Right now, everyone who's supported both mobile and web APIs (or cared about
bandwidth constraint) can tell you how frustrating it is that well factored
restful (or rest-ish) APIs are often the casualty of accepting the realities
in mobile client support. You end up increasingly collapsing requests into one
Special Bigger Request because One Special Bigger Request almost always has
better performance on bandwidth-constrained clients than the same performance
elsewhere.

And this is especially frustrating because often times the client can't tell
us exactly what they need in the initial request. The best we often can do is
stash an etags header in the request and try and get very fancy there. We end
up with smarter endpoints which require tons more programmer maintenance, and
move us away from the world of autogenerated and automatically audited
endpoints.

HTTP/2 w/ Push offers us a way to split the difference.
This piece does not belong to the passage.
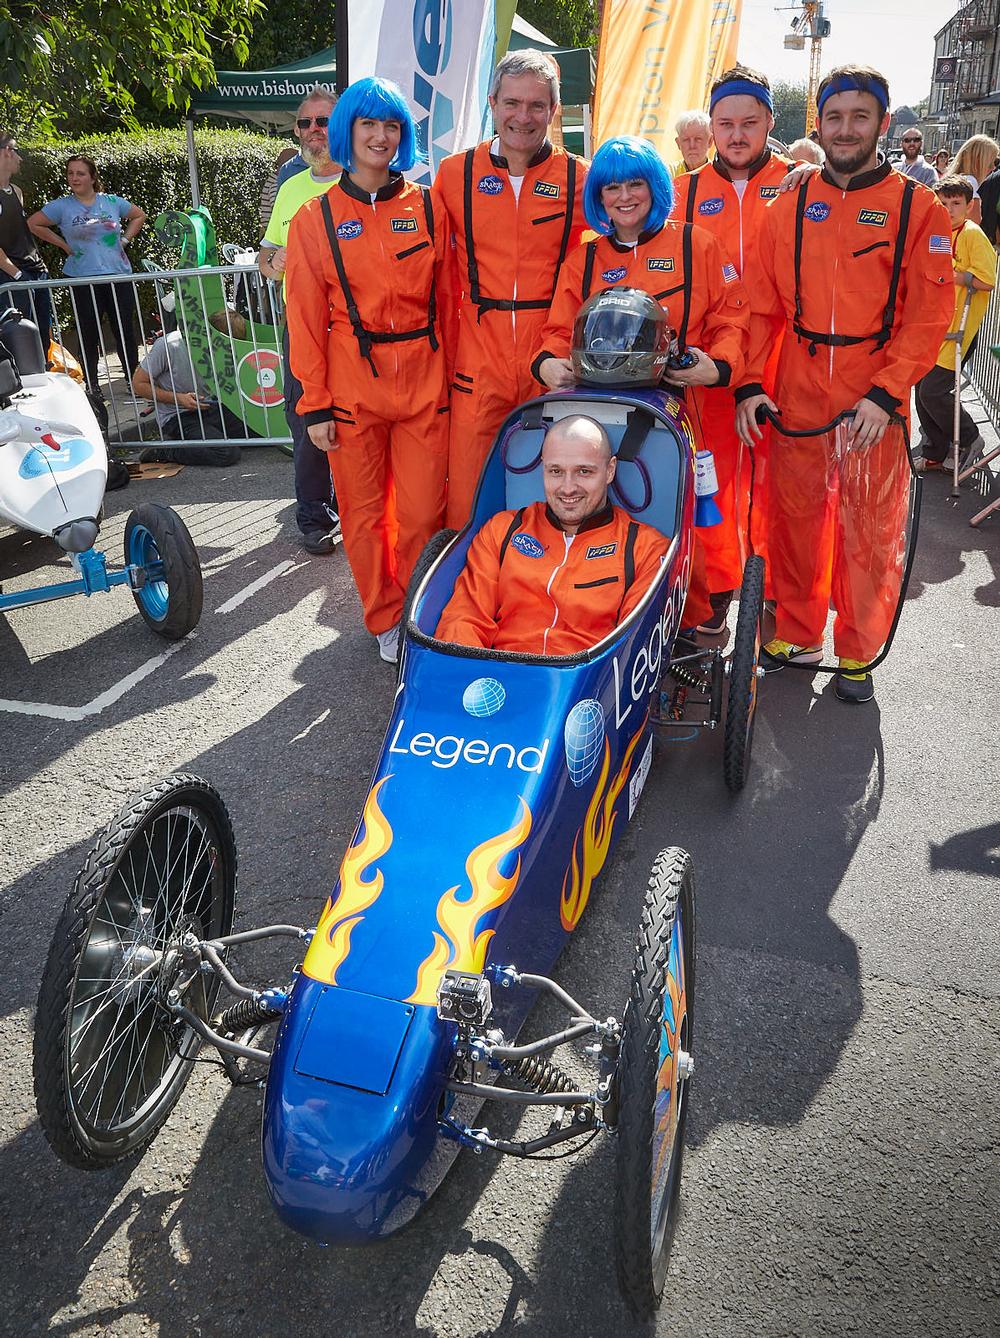 Legend competes in the Annual Micklegate Run Soapbox Race, raising funds for Cancer Research UK

While individual
endpoints can be served very quickly, we can have our APIs recognize (via
etags, probabilistic inference, previous negotiation, etc) that more data is
about to be requested and push it immediately.

This means we can keep our well-factored, simple API designs that we developed
10 years ago without sacrificing performance to the bandwidth-constrained. It
means that we can further lean on the abstraction Service Worker gives us in
web clients to just naively poll in client code and trust in clientside
caching to make this efficient (with the fallback being the same network call
we would have always made).

It's why I'm absolutely infuriated with so many languages for balking at
supporting HTTP/2 as part of their stack (more often than not, on the grounds
that SSL + ALPN seems tedious to implement).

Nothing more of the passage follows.